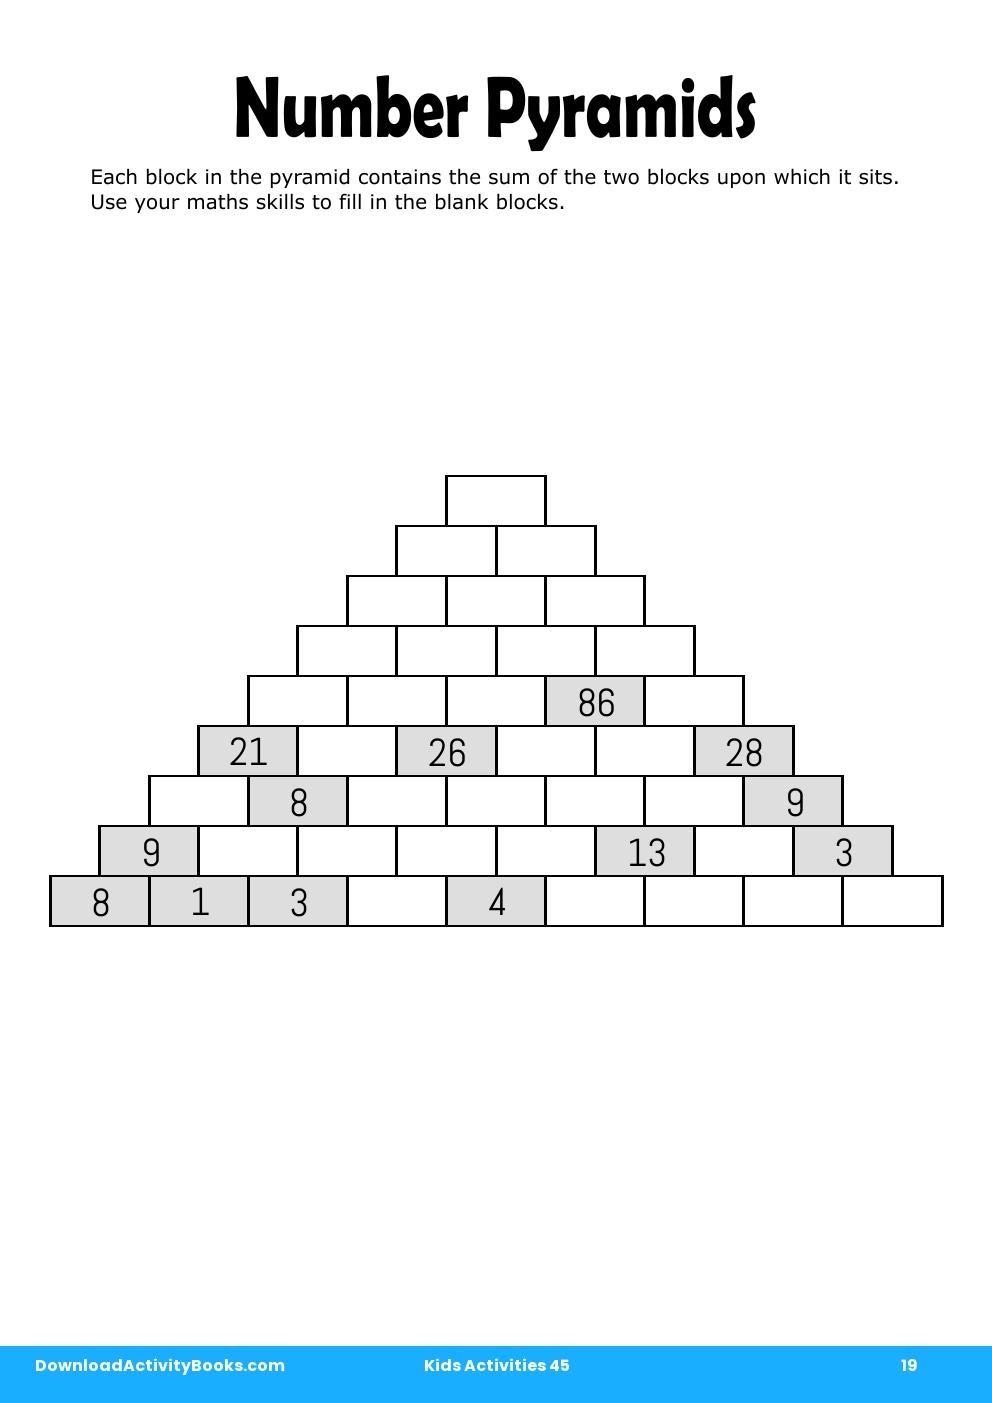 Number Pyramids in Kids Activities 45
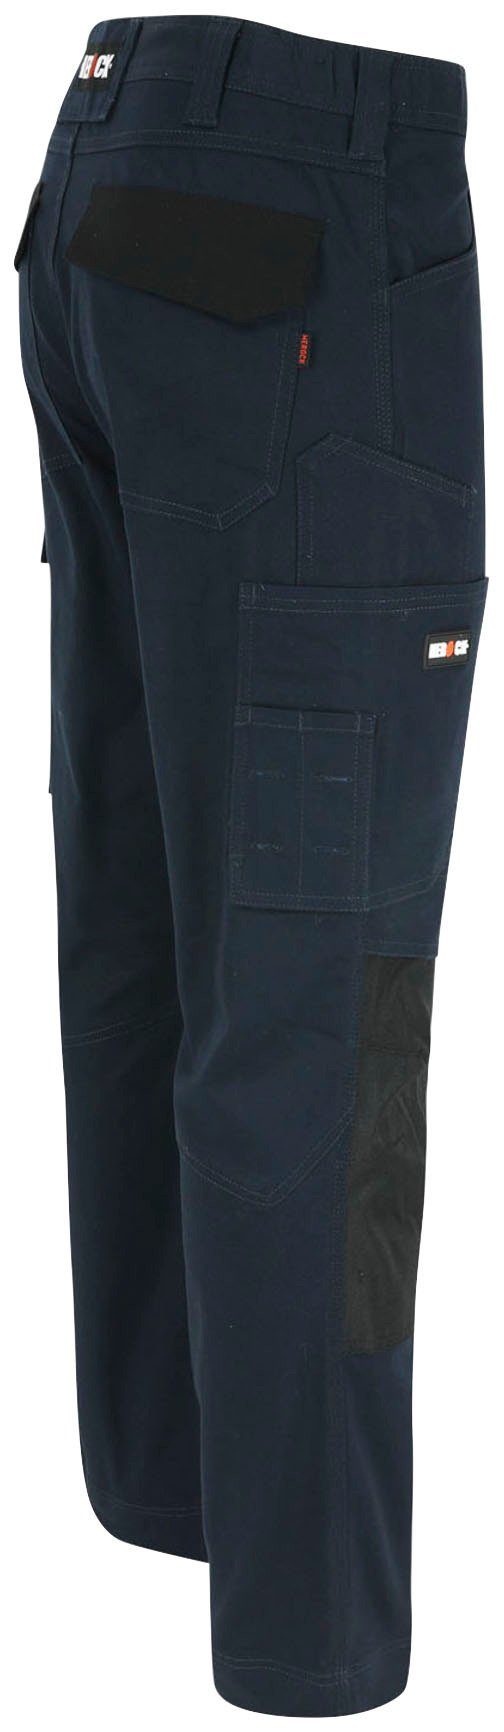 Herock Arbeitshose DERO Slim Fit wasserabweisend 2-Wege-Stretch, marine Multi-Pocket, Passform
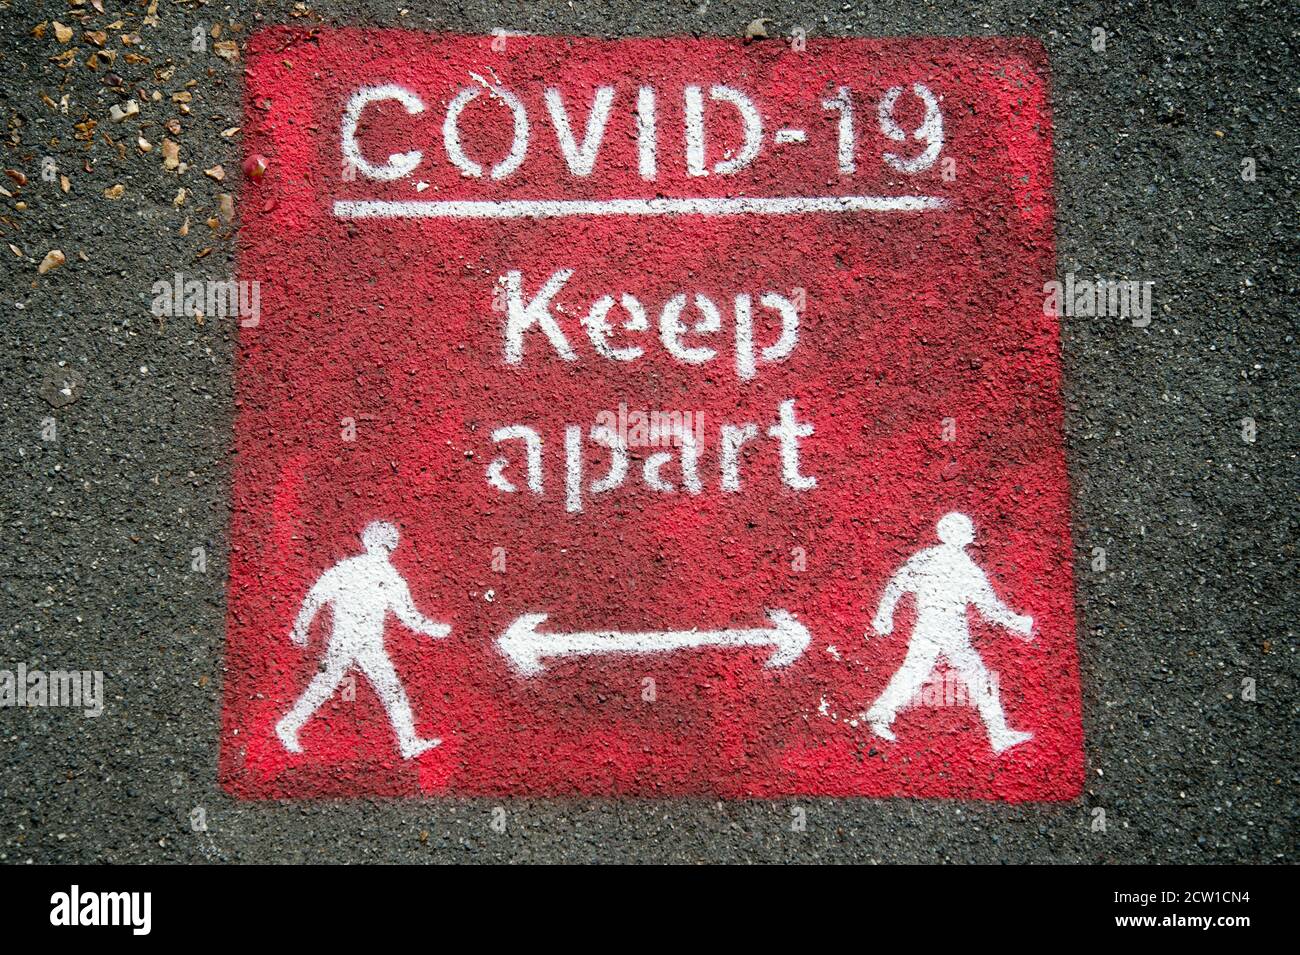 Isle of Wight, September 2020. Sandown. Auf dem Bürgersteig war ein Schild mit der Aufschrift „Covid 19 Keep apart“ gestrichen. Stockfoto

-.-.-

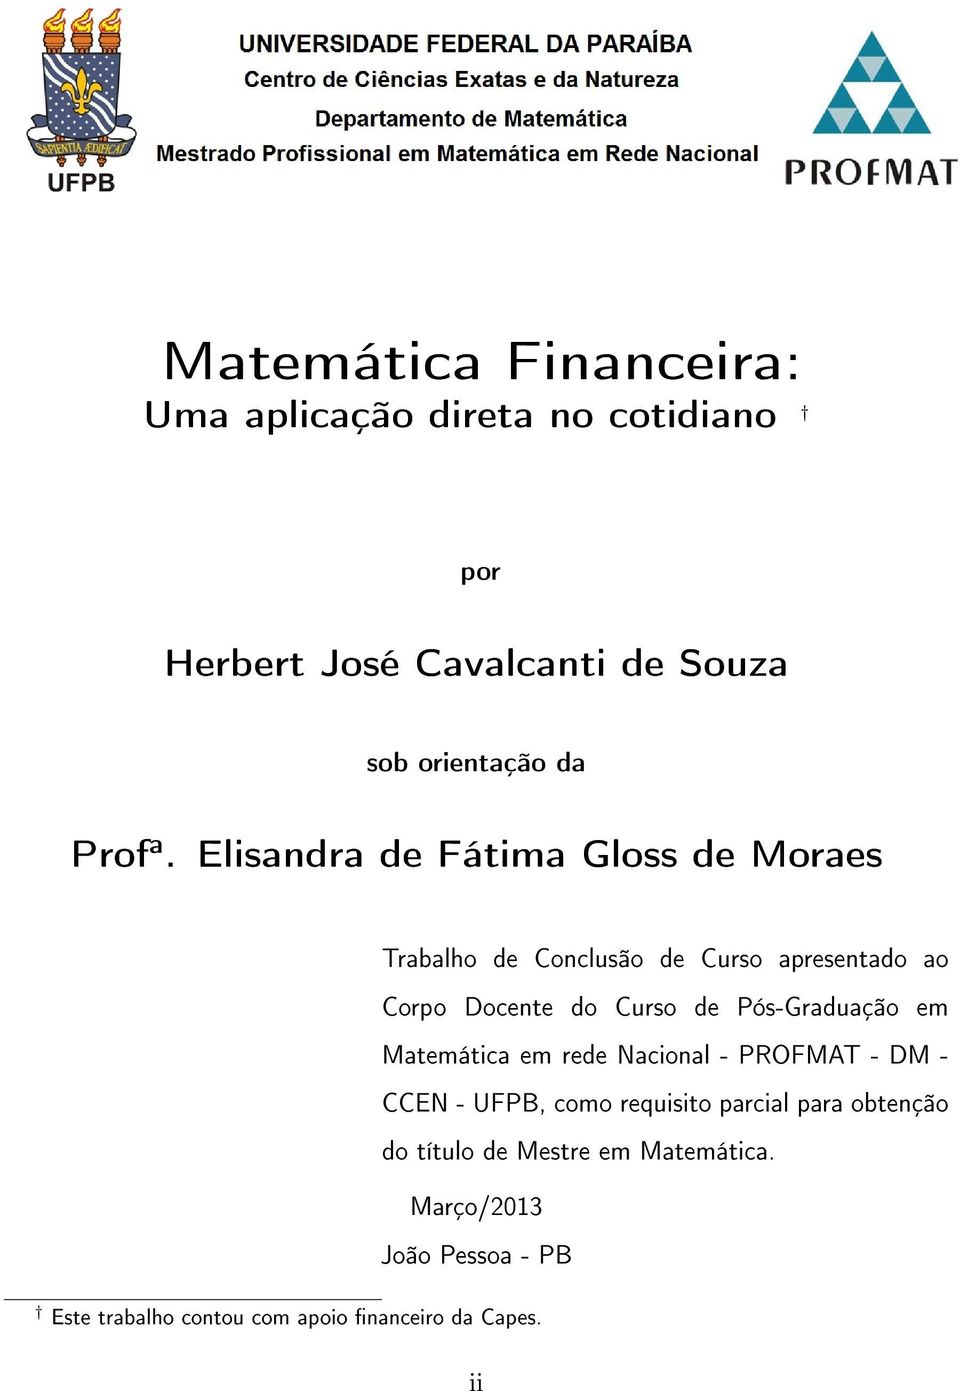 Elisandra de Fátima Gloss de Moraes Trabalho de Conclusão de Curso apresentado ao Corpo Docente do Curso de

-.-.-

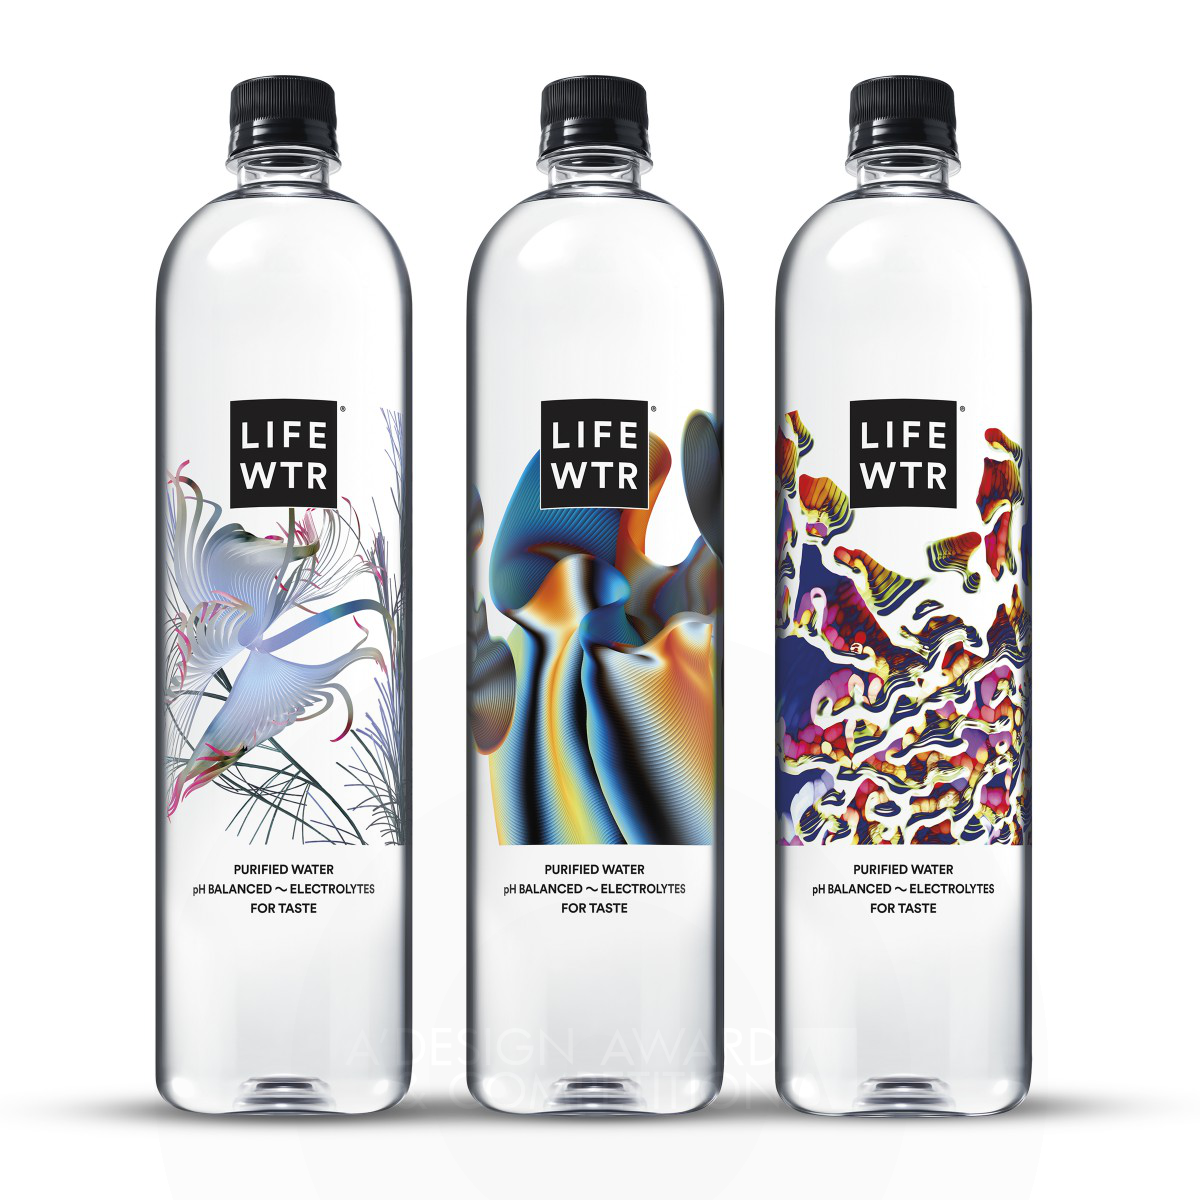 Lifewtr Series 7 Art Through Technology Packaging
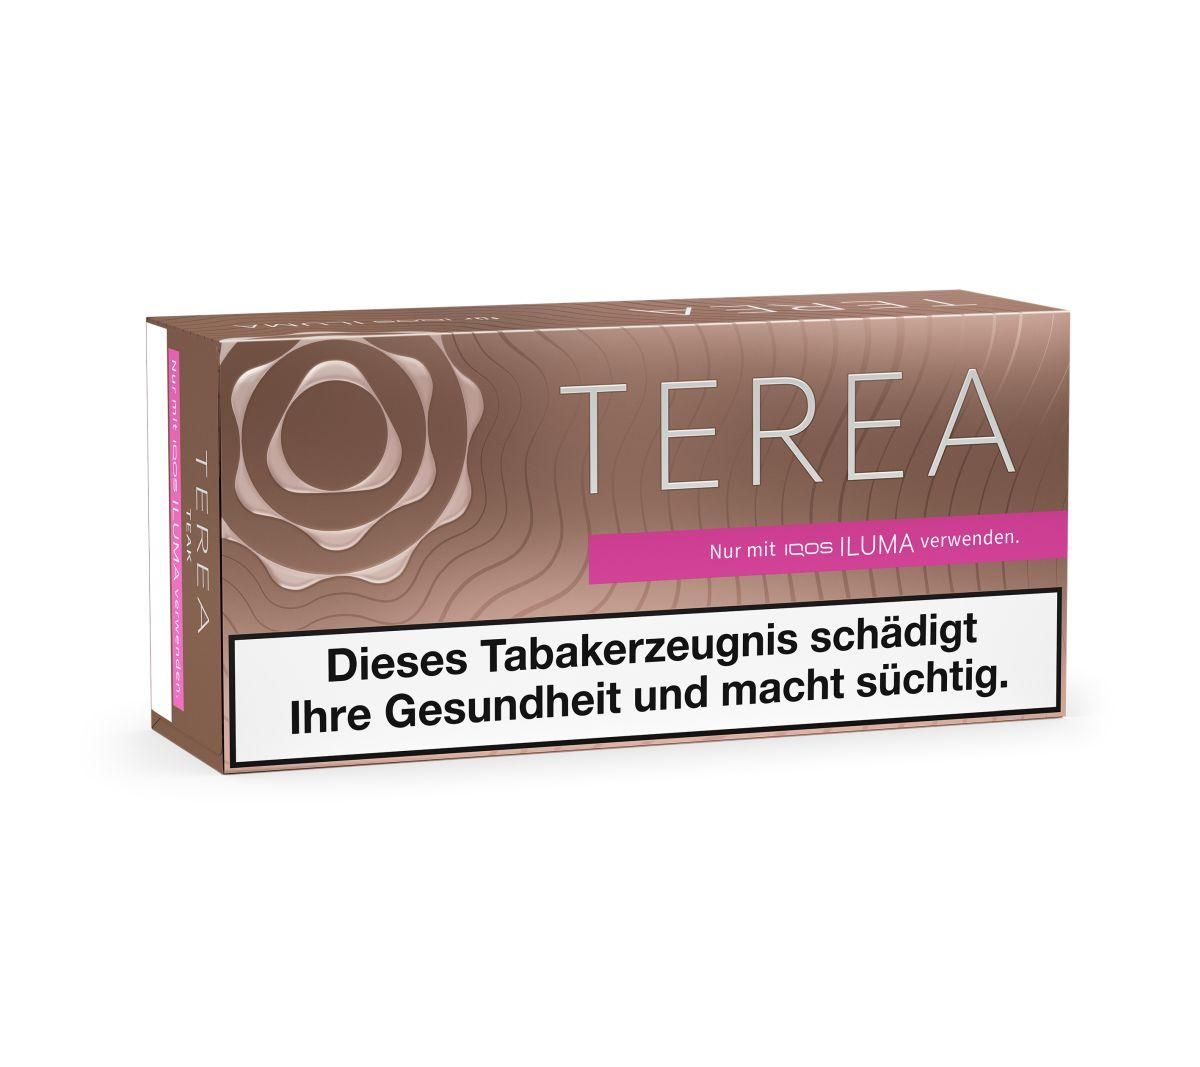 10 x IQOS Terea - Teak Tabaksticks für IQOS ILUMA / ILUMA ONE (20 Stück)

-.-.-

Reproduce, word for word, everything in the listing above from the line containing "Number Pyramids in Kids Activities 45" down to the line containing "Isle of Wight, September", both of them included. No pictures.

 Number Pyramids in Kids Activities 45
 Herock Arbeitshose DERO Slim Fit wasserabweisend 2-Wege-Stretch, marine Multi-Pocket, Passform
 Isle of Wight, September 2020. Sandown. Auf dem Bürgersteig war ein Schild mit der Aufschrift „Covid 19 Keep apart“ gestrichen. Stockfoto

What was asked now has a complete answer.